DNA copy numbers using MHS (291 samples where 59 are control samples from HapMap, used to calculate the reference) and NSA (reference using “normal” zones within tumoral samples (232 samples)) for chromosome 5 in sample GSM638958 from the Lung Cancer dataset hybridized to GenomeWideSNP 6.0.

Figure 6
figure 6

ROC comparison with scaled data (Lung Cancer dataset, sample GSM638958, hybridized to GenomeWideSNP 6.0 array). We have used the region where there is a change from 2 to 3 copies, around position 30Mb, that appears in Figure5. For the analysis, we have included the SNPs that surrounds the copy number change (specifically from 0 to 45 Mb). The SNPs within a safety zone from 25Mb to 35 Mb are not considered in the analysis because it is difficult to discern the exact position of the change. The SNPs located upstream the change point are considered to have total CNs smaller than the SNPs downstream the change point.
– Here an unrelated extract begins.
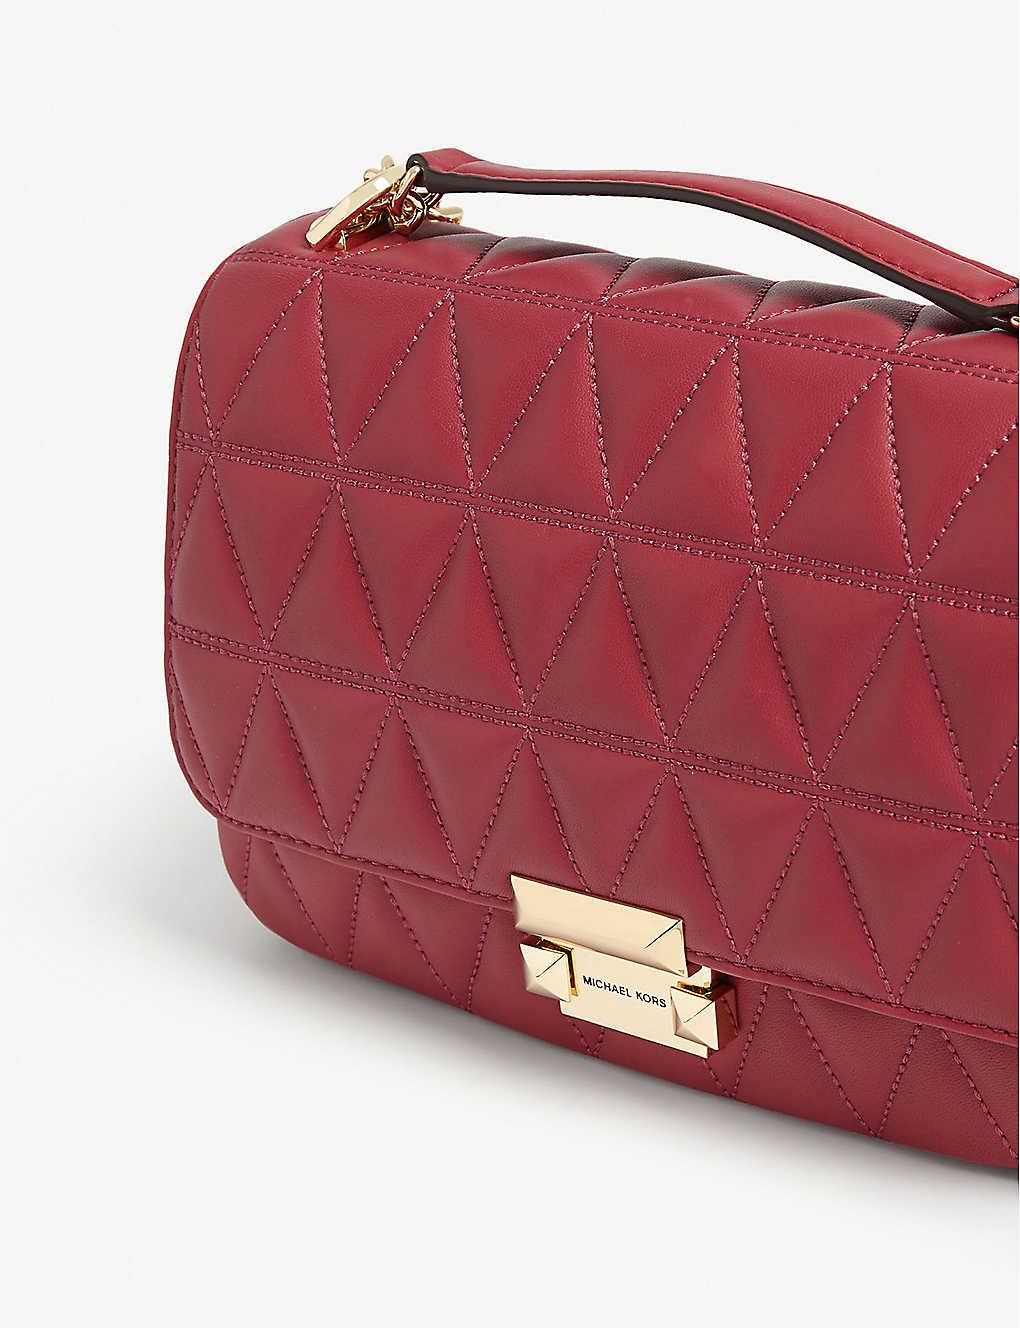 MICHAEL Michael Kors Sloan Large Quilted Leather Shoulder Bag in Red | Lyst

For this particular sample (in the studied jump), NSA differentiates the two regions better than MHS.

Figure 7
figure 7

DNA copy numbers using MHS (291 samples where 59 are control samples from HapMap, which are the ones used to calculate the reference) and NSA (reference using “normal” zones within tumoral samples (232 samples)) for chromosome 14 in sample GSM639066 from the Lung Cancer dataset hybridized to GenomeWideSNP 6.0.

Figure 8
figure 8

ROC comparison with scaled data (Lung Cancer dataset, sample GSM639066, hybridized to GenomeWideSNP 6.0 array). We have used the region where there is a change from 3 to 2 copies, around position 65Mb, that appears in Figure7. For the analysis, we have included the SNPs that surrounds the copy number change (specifically from 0 to 100 Mb). The SNPs within a safety zone from 60 Mb to 75 Mb are not considered in the analysis since includes a deleted region. The SNPs located upstream the change point are considered to have total CNs larger than the SNPs downstream the change point. For this particular sample (in the studied jump), NSA differentiates better than MHS between the two regions.

Chromosome X analysis

Although NSA is not thought to be used on sexual chromosomes, we have included an analysis of chromosome X in a set of HapMap samples that includes 32 male and 38 female samples. This set of samples is equivalent to an experiment in which some of the samples have a deletion of one of the chromosomes. Figure9 depicts which regions are identified as normals (in this case should correspond to female samples) by NSA. The first 32 samples are males and the last 38 samples are females. Within the male samples, the beginning of the X chromosome PAR1, one of its autosomic regions- is correctly identified to have two copies. The second autosomic region (PAR2) (a few SNPs at the end of the X chromosome) also appears with two copies. The XTR (X-transposed region, around the middle of the q arm) showed very few HNCNs and did not pass the threshold for almost all the samples. Among the female samples we found that a group of them (from sample 33 to sample 48) presented many regions with uniparental disomy i.e. zones with LOH. All these samples were from Asian women (and one Caucasian). The second group were all Caucasian and Yoruban, this group did not show LOH regions and were predicted to be normal for the whole chromosome.

Figure 9
figure 9

This figure shows the normal regions (in white) detected by NSA within the chromosome X from the GIGAS HapMap dataset. These data (70 samples hybridized to GenomeWideSNP 6.0 array) were preprocessed with ACNE. Note that the index of SNPs is ordered by genomic position and the index of samples is ordered by “normal” content. According to this order, the first 32 samples are men and the next 38 are women. In addition, female samples can be separated into two groups. The first group, that presents many uniparental disomy regions, belongs to Asian women (except one caucasian) and the second group belongs to caucasian and Yoruban women.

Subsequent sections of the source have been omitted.